*EXERCISE INSTRUCTIONS*
What you return must be the full listing, word for word, with no images in it.

*DATASET EXCERPT*

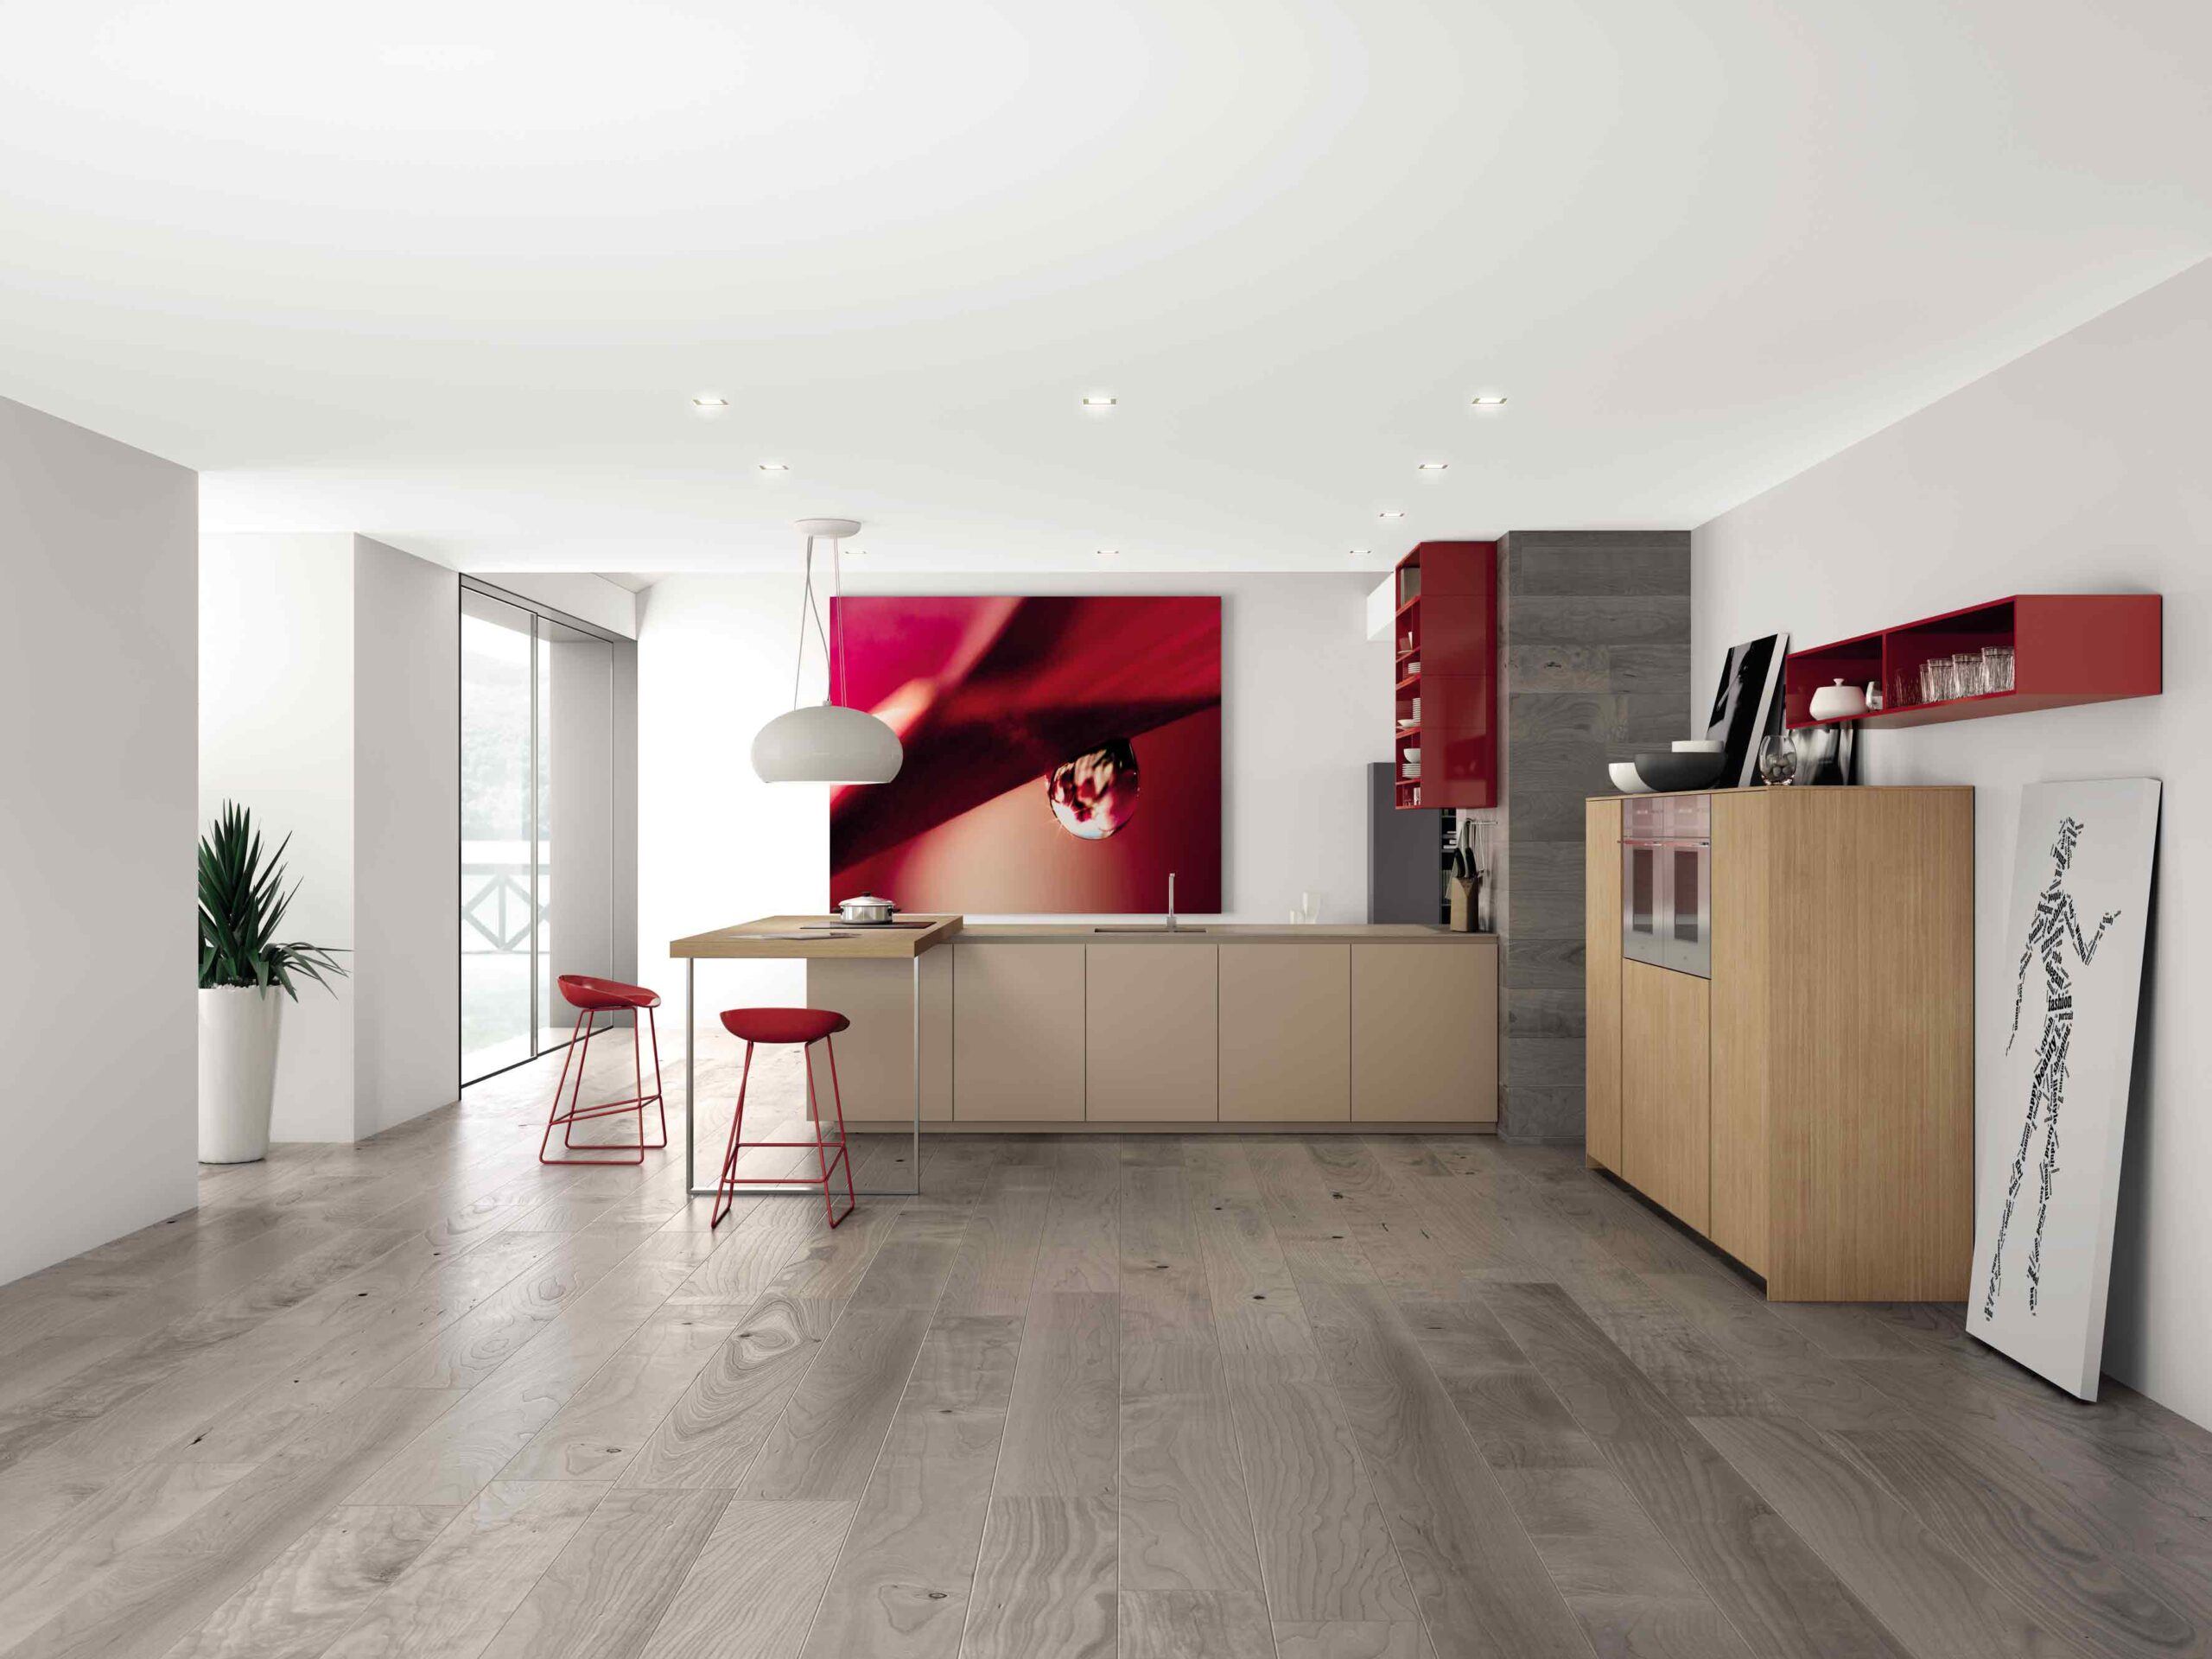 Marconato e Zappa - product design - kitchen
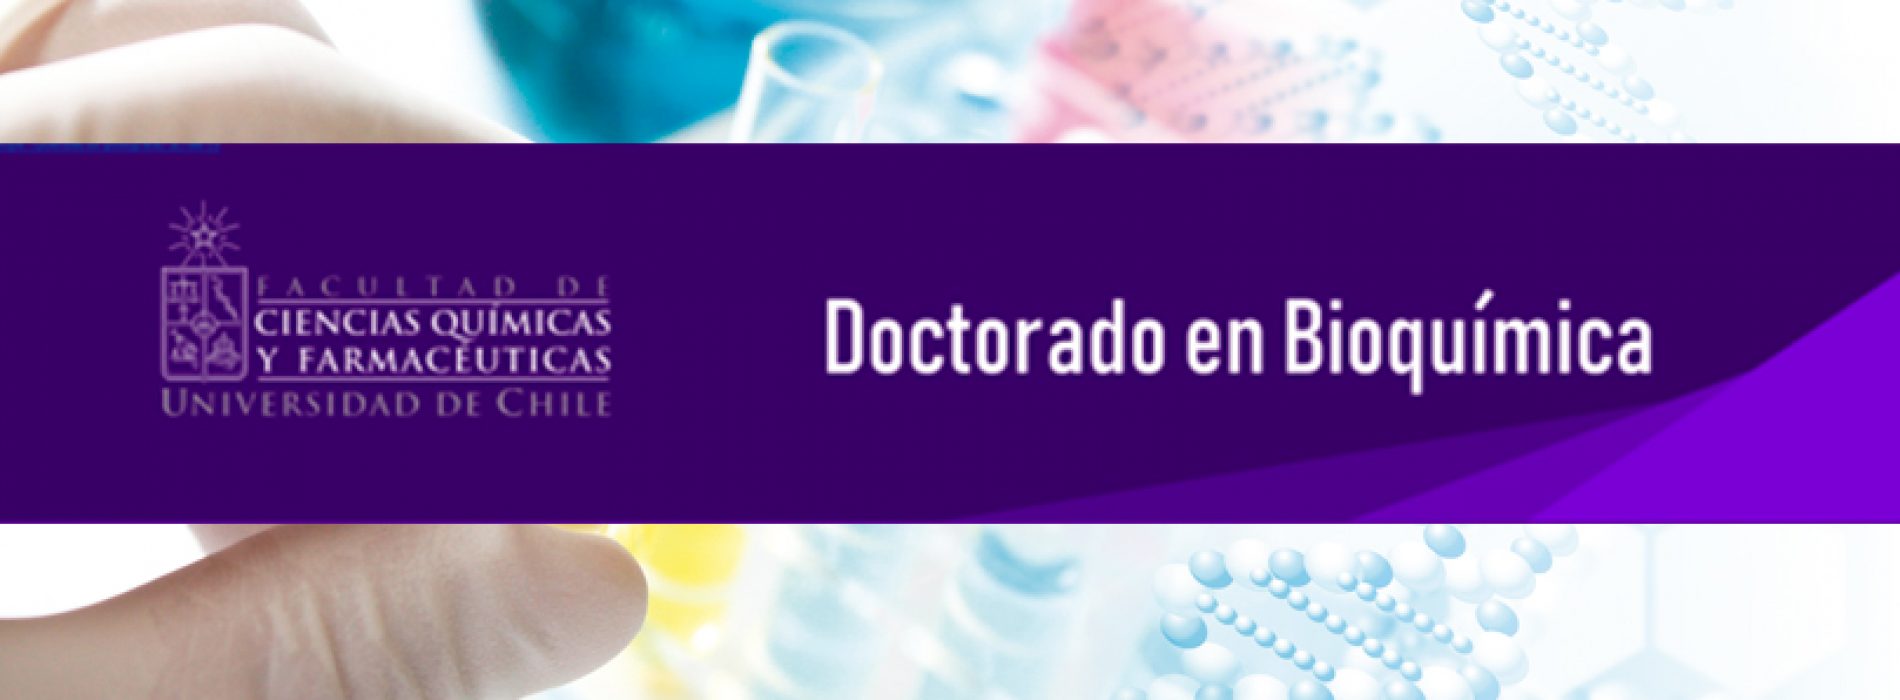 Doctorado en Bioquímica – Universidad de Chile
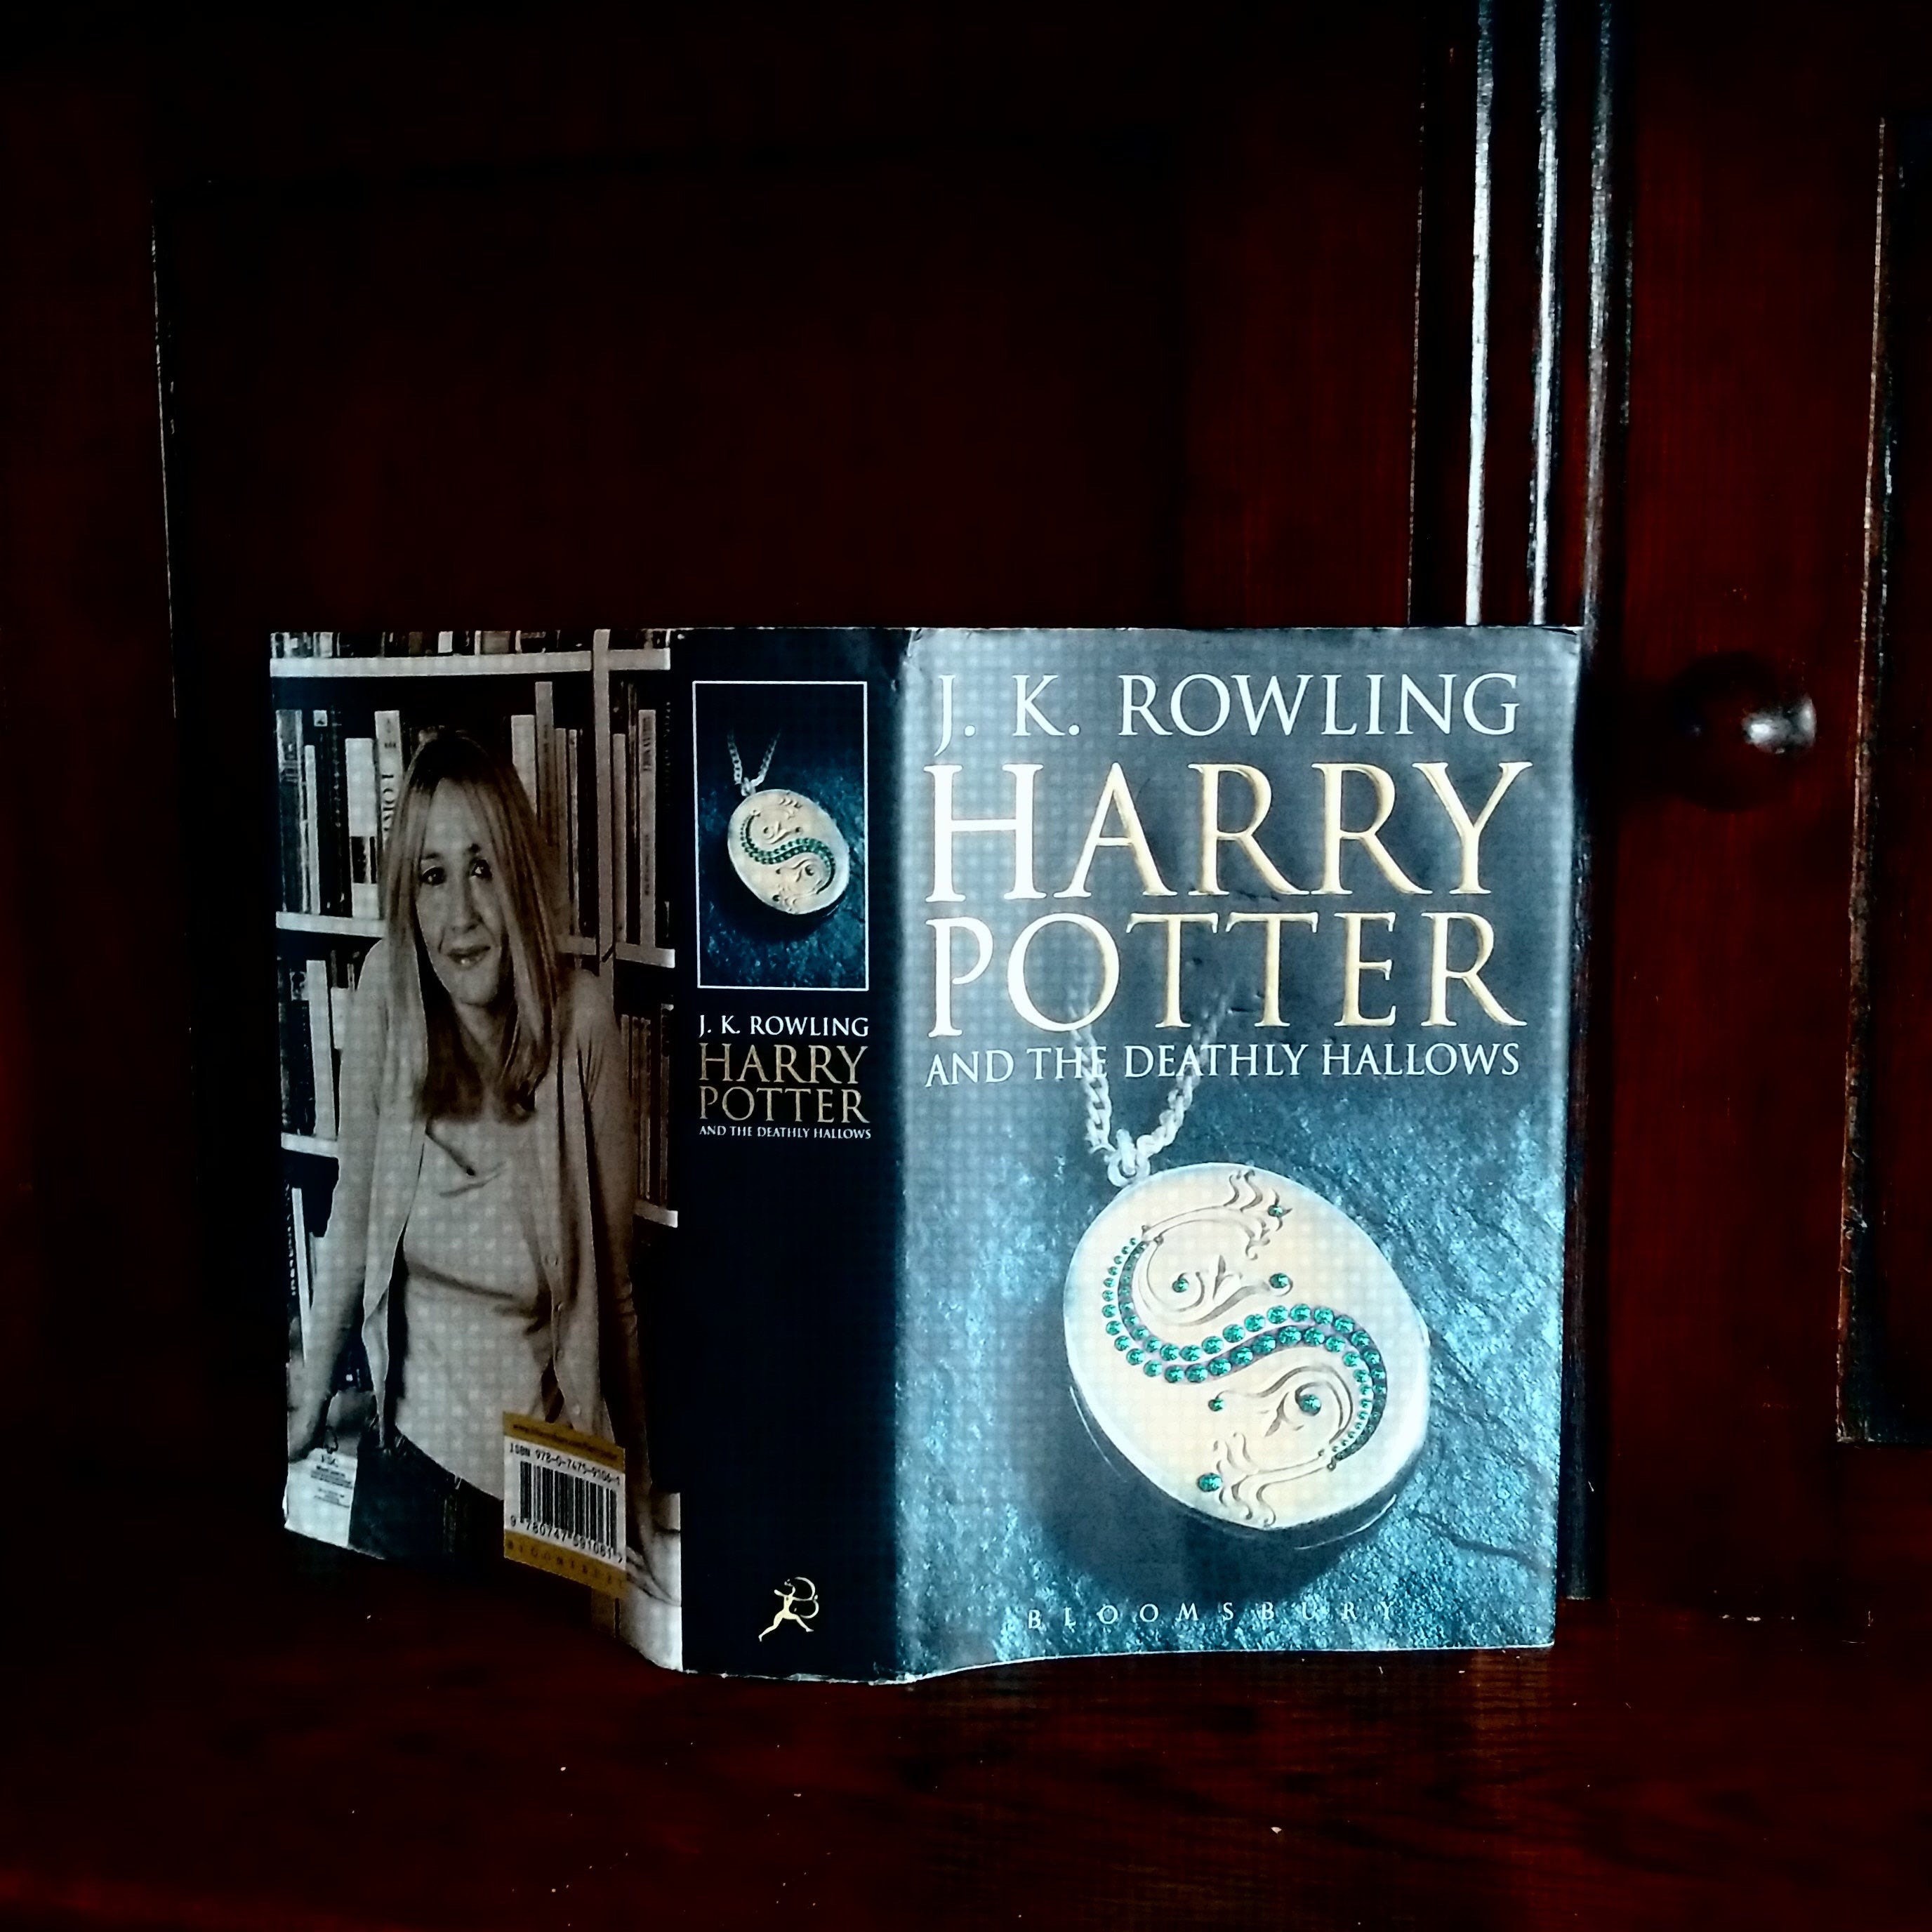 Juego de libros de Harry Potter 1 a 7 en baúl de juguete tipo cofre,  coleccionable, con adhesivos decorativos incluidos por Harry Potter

*RESULT OF THE TASK*
 Marconato e Zappa - product design - kitchen
 Doctorado en Bioquímica – Universidad de Chile
 Juego de libros de Harry Potter 1 a 7 en baúl de juguete tipo cofre,  coleccionable, con adhesivos decorativos incluidos por Harry Potter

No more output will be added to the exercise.